Search the entries for the word "Stock". Copy each line in which it is found.

··· Data records ···

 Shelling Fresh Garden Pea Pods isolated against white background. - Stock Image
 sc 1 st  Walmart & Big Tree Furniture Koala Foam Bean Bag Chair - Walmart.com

···
··· Data records ···

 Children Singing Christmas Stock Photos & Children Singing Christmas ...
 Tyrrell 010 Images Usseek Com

···

Written response ->
 Shelling Fresh Garden Pea Pods isolated against white background. - Stock Image
 Children Singing Christmas Stock Photos & Children Singing Christmas ...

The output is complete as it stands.